Data provided ->
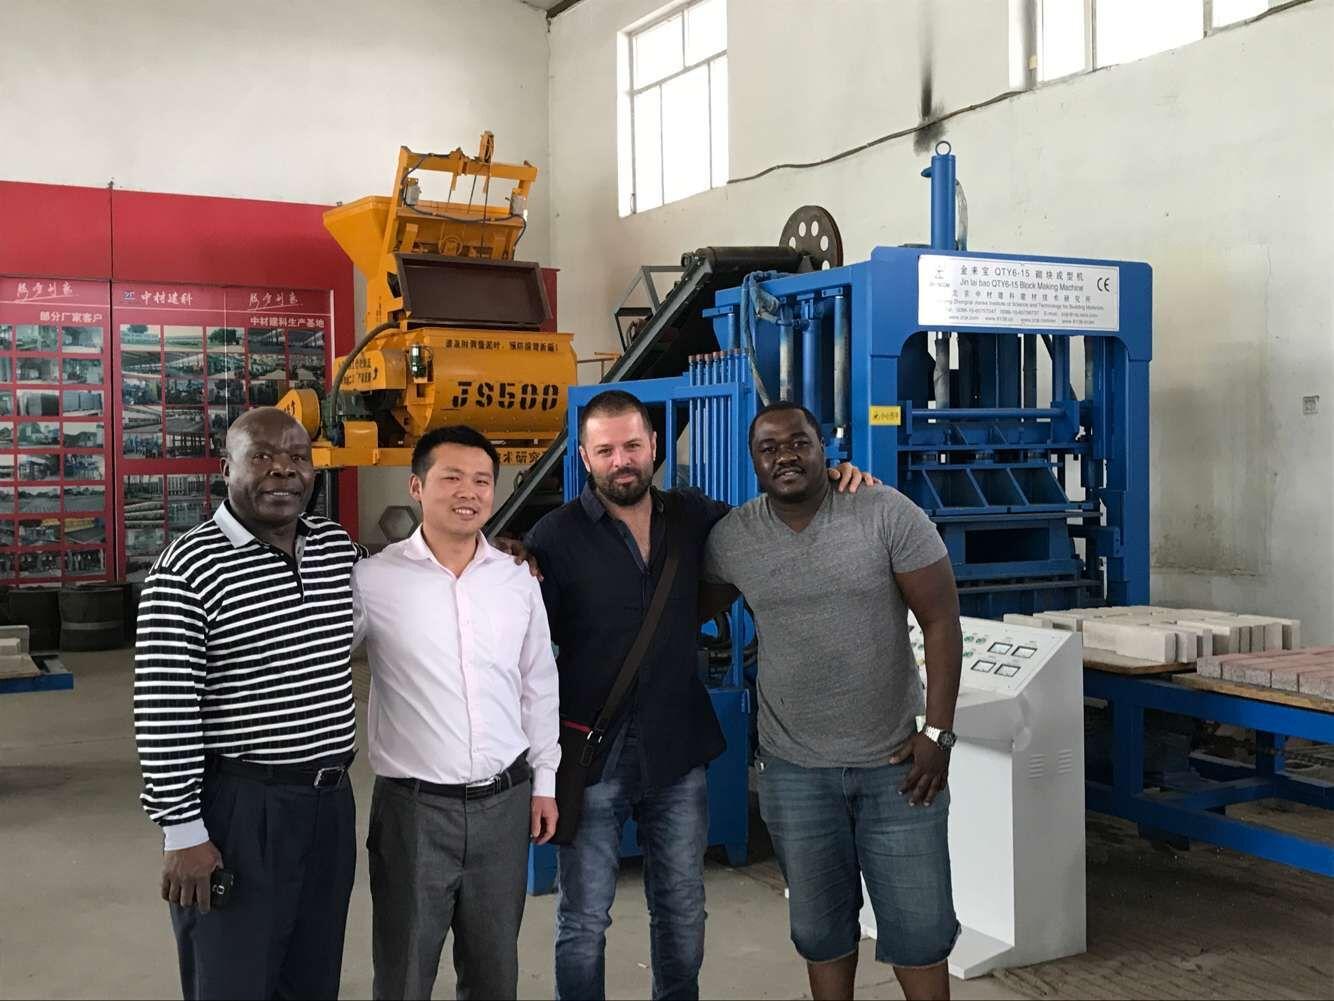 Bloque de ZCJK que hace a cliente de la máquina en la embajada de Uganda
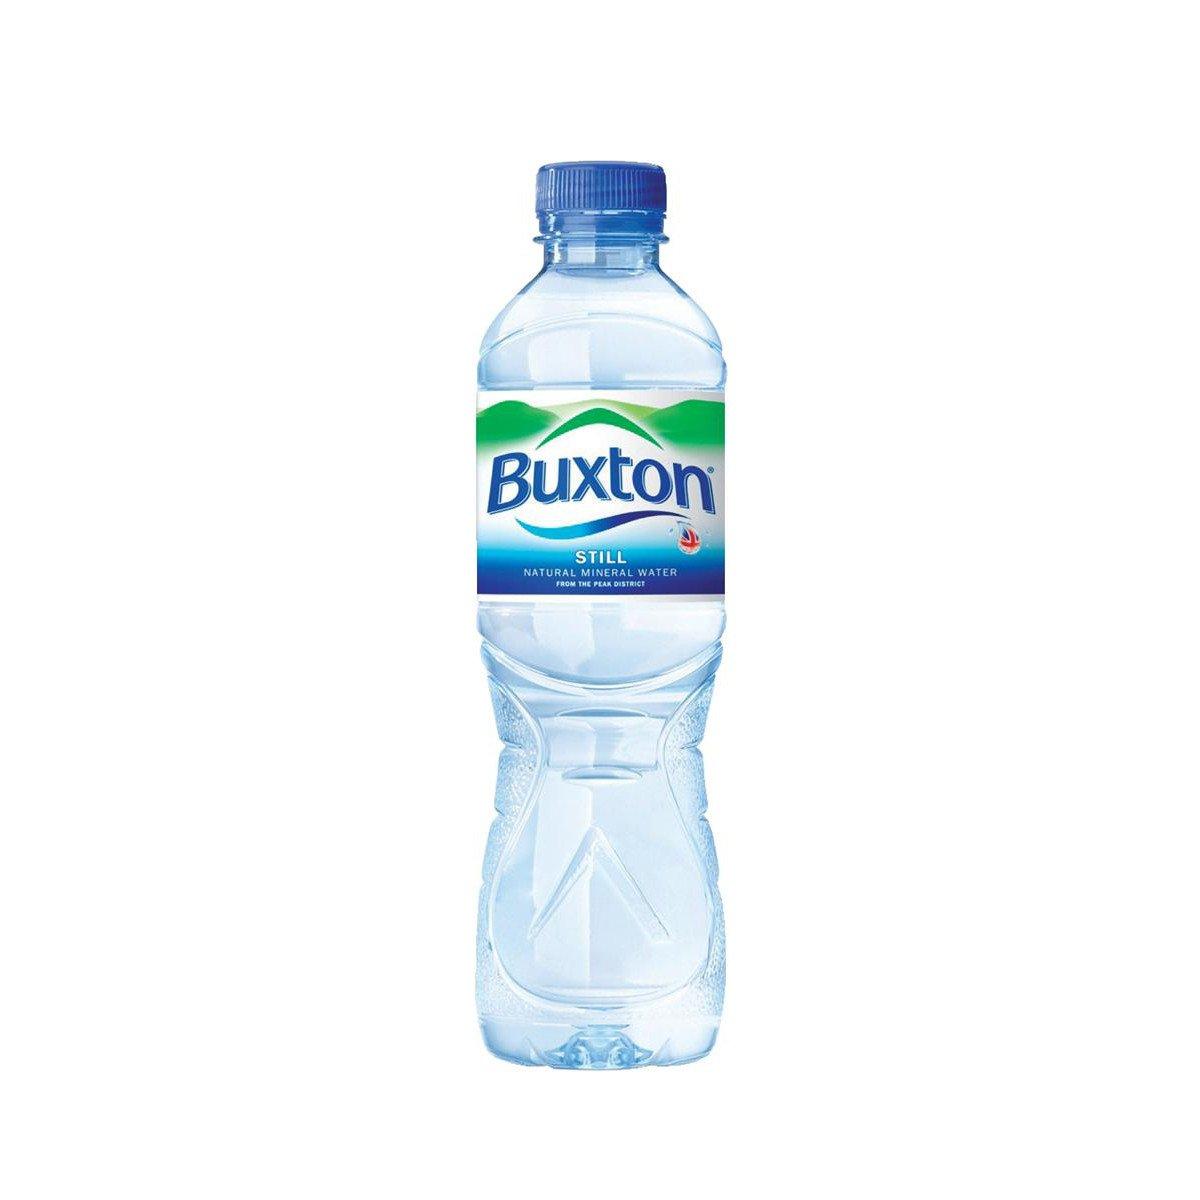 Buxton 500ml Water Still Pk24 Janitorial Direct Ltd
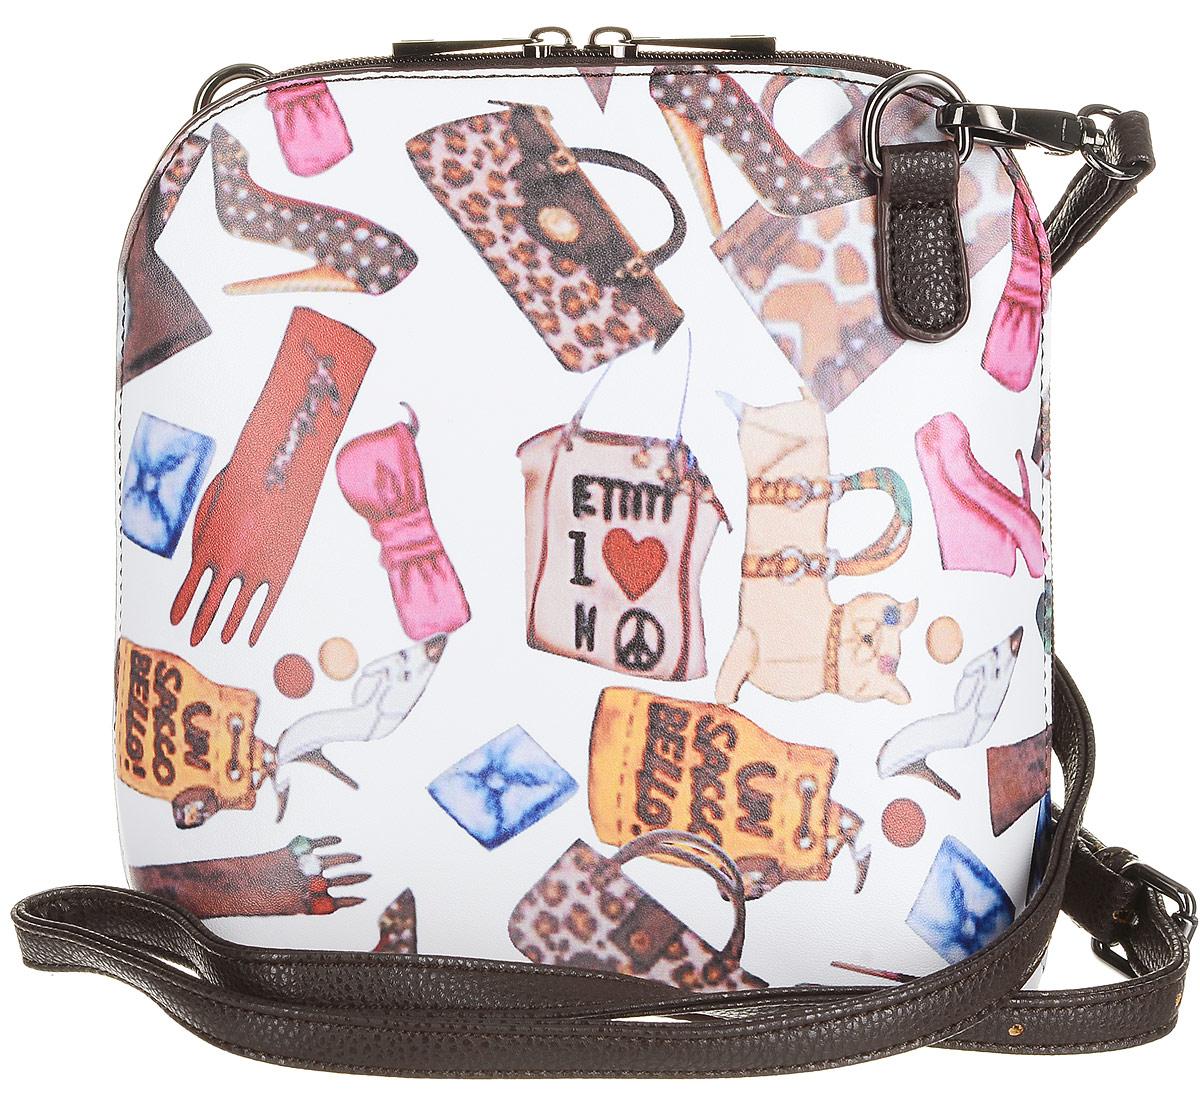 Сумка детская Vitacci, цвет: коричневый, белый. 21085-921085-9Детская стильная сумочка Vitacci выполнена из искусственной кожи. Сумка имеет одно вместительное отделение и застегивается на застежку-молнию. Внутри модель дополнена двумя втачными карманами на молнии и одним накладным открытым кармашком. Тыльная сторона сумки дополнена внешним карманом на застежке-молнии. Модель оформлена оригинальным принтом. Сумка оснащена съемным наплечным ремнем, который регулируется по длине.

Your instructions -> Restate the data word for word, minus any images.

Task result ->
 Bloque de ZCJK que hace a cliente de la máquina en la embajada de Uganda
 Buxton 500ml Water Still Pk24 Janitorial Direct Ltd
 Сумка детская Vitacci, цвет: коричневый, белый. 21085-921085-9Детская стильная сумочка Vitacci выполнена из искусственной кожи. Сумка имеет одно вместительное отделение и застегивается на застежку-молнию. Внутри модель дополнена двумя втачными карманами на молнии и одним накладным открытым кармашком. Тыльная сторона сумки дополнена внешним карманом на застежке-молнии. Модель оформлена оригинальным принтом. Сумка оснащена съемным наплечным ремнем, который регулируется по длине.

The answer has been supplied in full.